SUPPLIED ENTRIES Start Marker

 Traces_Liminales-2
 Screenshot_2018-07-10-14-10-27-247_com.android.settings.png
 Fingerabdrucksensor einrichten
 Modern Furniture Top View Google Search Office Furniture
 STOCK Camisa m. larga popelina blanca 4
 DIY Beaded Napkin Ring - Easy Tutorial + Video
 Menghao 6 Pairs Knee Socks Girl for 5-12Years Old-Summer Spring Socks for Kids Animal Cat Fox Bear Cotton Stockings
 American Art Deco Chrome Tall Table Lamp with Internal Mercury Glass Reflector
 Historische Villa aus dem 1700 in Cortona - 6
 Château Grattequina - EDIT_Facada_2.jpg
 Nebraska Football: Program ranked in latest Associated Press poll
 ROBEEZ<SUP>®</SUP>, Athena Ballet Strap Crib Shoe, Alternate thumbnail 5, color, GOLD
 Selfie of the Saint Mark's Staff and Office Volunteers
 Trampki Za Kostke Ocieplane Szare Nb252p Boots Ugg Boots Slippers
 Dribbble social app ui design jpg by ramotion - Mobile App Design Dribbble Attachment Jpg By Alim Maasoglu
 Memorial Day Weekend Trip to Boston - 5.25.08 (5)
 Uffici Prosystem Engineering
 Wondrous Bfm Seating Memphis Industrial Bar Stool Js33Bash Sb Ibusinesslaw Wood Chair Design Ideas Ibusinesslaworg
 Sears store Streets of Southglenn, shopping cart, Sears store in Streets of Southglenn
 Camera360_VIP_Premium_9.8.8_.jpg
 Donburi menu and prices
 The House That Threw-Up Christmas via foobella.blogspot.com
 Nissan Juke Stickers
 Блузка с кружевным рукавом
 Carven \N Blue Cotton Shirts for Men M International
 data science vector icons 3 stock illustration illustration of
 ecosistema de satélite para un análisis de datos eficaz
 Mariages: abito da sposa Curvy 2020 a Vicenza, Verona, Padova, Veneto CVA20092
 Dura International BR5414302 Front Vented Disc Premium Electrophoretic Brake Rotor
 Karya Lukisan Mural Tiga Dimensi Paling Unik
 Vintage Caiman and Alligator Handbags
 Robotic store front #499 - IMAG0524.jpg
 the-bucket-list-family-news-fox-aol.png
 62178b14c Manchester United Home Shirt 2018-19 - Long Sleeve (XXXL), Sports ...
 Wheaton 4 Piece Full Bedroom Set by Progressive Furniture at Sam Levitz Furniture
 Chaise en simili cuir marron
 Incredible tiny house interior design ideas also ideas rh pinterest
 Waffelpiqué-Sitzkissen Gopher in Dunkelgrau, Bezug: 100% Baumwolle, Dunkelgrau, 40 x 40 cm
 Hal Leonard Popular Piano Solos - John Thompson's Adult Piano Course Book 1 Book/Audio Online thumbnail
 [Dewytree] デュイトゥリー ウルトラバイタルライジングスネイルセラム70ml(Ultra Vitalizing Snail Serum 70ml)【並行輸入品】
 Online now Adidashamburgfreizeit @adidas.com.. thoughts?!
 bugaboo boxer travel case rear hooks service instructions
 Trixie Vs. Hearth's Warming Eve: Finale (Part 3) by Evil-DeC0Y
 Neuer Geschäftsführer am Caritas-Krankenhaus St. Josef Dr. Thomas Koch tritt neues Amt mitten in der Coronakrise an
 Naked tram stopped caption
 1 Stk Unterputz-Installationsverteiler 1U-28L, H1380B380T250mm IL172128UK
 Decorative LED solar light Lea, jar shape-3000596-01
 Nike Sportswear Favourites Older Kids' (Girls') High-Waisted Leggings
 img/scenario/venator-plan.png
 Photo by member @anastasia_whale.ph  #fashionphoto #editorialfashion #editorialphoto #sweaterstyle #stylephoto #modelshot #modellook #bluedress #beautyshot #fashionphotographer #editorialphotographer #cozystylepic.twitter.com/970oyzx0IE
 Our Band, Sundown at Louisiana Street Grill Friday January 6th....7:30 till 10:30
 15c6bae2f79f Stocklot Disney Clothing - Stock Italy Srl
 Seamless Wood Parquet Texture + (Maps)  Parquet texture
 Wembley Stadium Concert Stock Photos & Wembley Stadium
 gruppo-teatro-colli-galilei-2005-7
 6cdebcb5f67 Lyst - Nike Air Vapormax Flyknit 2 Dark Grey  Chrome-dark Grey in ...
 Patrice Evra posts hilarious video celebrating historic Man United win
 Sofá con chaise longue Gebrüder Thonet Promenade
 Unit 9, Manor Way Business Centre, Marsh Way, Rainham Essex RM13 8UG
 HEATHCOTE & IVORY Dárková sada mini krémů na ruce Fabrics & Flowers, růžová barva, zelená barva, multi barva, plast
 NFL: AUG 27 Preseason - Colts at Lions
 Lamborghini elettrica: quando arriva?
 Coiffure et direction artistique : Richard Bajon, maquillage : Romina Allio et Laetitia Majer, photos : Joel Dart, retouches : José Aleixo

SUPPLIED ENTRIES End Marker

◆ DIRECTIONS
Reproduce every line from the preceding data in which the word "United" can be found.

◆ REPLY TO THE TASK
 62178b14c Manchester United Home Shirt 2018-19 - Long Sleeve (XXXL), Sports ...
 Patrice Evra posts hilarious video celebrating historic Man United win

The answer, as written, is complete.